Grief School: Life-Threatening Illness Diagnosis
About the event
This Grief School panel discussion brings research experts together with people experiencing grief following a life-threatening illness diagnosis, to talk about this very unique form of grief.
The discussion is facilitated by Philippa Bayley, Chair of the Bristol-based charity The Harbour. The Harbour provides a counselling service to adults facing their own death or that of a loved one due to a serious illness. Philippa is a neuroscientist, research manager and artist who became interested in how we talk about death when her mother suffered from and then died of Motor Neurone Disease.
We welcome panellists Dr Linda Machin, Jane Murray, Ninon ven der Kroft and Helena Davies.
Jane is an Adult Bereavement Support Lead with Marie Curie. She’s also a Registered Nurse and a qualified counsellor, who sits on the executive of ABSCo (Association of Bereavement Coordinators in Hospice and Palliative Care).
Ninon is a trained social worker, an End of Life Doula and a death educationist who’d like to highlight issues faced by marginalised groups. She has worked as a doula in the community, breathing life into conversations about death and empowering people to navigate their dying in a meaningful way. Ninon works as a trainer for Living Well Dying Well, which enables people from all walks of life to become companions to the dying in their own communities.

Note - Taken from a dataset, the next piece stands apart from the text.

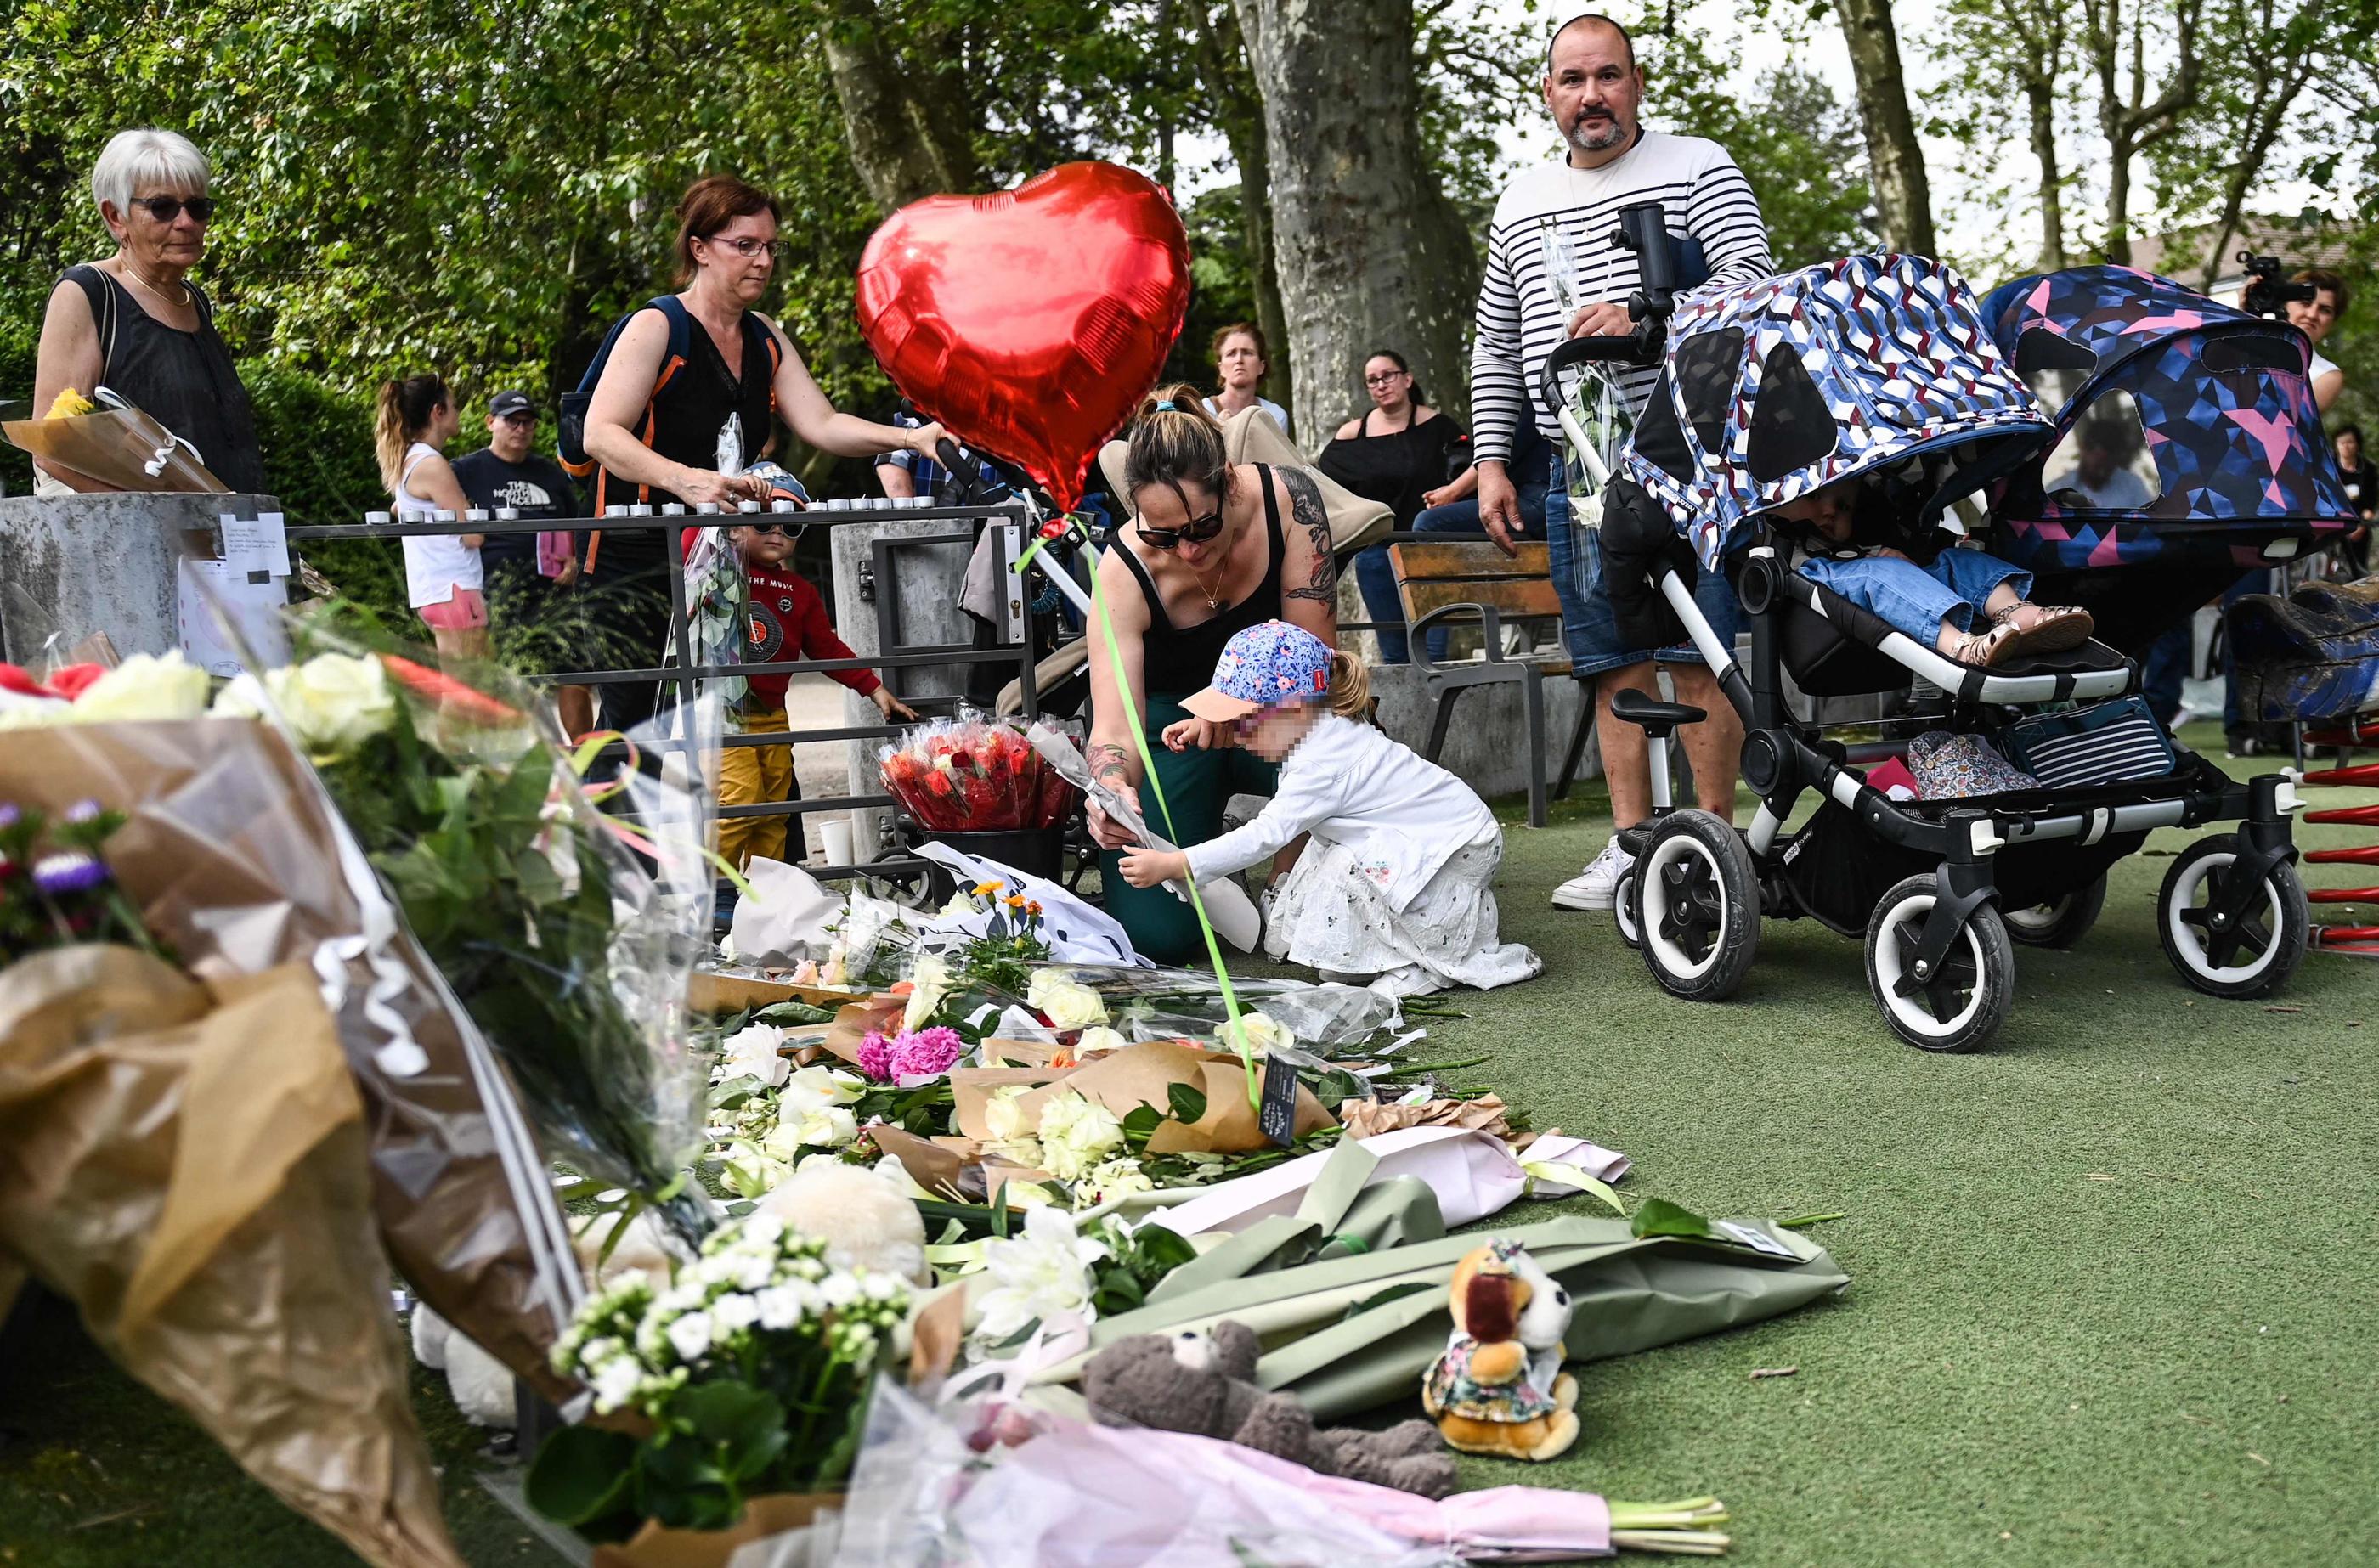 Deux enfants blessés lors de l'attaque sont toujours en urgence vitale, selon le porte-parole du gouvernement Olivier Véran. AFP/Olivier Chassignole

Prior to her early retirement due to ill health in 2007, Dr Helena Davies was a consultant paediatrician in Sheffield with a particular interest in medical education and the long-term effects of treatment for survivors of childhood cancer. Helena has complex chronic health problems which are the cause of considerable disability including chronic pain and fatigue. Helena had treatment for breast cancer in 2009 and 2010 and brings her personal take on how it feels to be diagnosed with a serious health condition.
Dr Linda Machin is a trained medical social worker and Honorary Researcher at the International Observatory on End of Life Care at Lancaster University. Linda has conducted pioneering bereavement work including developing the ‘Range of Response to Loss Model’, one of several concepts presented in her book, Working with Loss and Grief.